*** Dataset content Section Begins ***
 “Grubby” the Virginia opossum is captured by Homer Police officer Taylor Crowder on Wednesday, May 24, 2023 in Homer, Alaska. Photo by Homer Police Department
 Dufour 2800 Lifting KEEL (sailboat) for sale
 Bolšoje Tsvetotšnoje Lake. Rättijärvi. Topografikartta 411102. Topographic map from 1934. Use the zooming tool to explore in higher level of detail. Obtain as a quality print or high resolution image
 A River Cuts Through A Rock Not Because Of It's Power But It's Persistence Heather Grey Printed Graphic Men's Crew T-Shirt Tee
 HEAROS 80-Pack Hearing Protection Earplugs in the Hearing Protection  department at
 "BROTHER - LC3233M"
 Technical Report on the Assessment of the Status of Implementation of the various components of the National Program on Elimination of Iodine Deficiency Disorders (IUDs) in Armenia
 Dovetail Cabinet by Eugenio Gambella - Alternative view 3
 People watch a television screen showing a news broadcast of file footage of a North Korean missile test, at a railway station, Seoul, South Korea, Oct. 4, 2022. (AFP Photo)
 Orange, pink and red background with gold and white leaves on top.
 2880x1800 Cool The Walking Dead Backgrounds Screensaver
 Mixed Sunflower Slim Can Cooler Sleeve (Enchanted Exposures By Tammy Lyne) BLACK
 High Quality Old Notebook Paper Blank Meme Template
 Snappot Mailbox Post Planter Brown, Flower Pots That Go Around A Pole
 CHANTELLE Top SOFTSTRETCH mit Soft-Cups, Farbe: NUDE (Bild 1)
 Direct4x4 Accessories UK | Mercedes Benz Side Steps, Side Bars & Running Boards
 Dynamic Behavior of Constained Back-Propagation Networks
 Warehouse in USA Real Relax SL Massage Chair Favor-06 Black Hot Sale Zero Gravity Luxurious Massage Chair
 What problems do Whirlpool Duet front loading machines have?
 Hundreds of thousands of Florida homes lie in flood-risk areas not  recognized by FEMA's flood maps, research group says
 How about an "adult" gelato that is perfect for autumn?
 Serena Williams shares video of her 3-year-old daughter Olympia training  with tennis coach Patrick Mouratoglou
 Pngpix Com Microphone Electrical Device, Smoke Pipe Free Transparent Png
*** Dataset content Section Ends ***
▶ **Instructions for the task**:
Please return exactly the lines from the opening line of the data above through the line with "Warehouse in USA", both included and nothing else.

▶ **Result**:
 “Grubby” the Virginia opossum is captured by Homer Police officer Taylor Crowder on Wednesday, May 24, 2023 in Homer, Alaska. Photo by Homer Police Department
 Dufour 2800 Lifting KEEL (sailboat) for sale
 Bolšoje Tsvetotšnoje Lake. Rättijärvi. Topografikartta 411102. Topographic map from 1934. Use the zooming tool to explore in higher level of detail. Obtain as a quality print or high resolution image
 A River Cuts Through A Rock Not Because Of It's Power But It's Persistence Heather Grey Printed Graphic Men's Crew T-Shirt Tee
 HEAROS 80-Pack Hearing Protection Earplugs in the Hearing Protection  department at
 "BROTHER - LC3233M"
 Technical Report on the Assessment of the Status of Implementation of the various components of the National Program on Elimination of Iodine Deficiency Disorders (IUDs) in Armenia
 Dovetail Cabinet by Eugenio Gambella - Alternative view 3
 People watch a television screen showing a news broadcast of file footage of a North Korean missile test, at a railway station, Seoul, South Korea, Oct. 4, 2022. (AFP Photo)
 Orange, pink and red background with gold and white leaves on top.
 2880x1800 Cool The Walking Dead Backgrounds Screensaver
 Mixed Sunflower Slim Can Cooler Sleeve (Enchanted Exposures By Tammy Lyne) BLACK
 High Quality Old Notebook Paper Blank Meme Template
 Snappot Mailbox Post Planter Brown, Flower Pots That Go Around A Pole
 CHANTELLE Top SOFTSTRETCH mit Soft-Cups, Farbe: NUDE (Bild 1)
 Direct4x4 Accessories UK | Mercedes Benz Side Steps, Side Bars & Running Boards
 Dynamic Behavior of Constained Back-Propagation Networks
 Warehouse in USA Real Relax SL Massage Chair Favor-06 Black Hot Sale Zero Gravity Luxurious Massage Chair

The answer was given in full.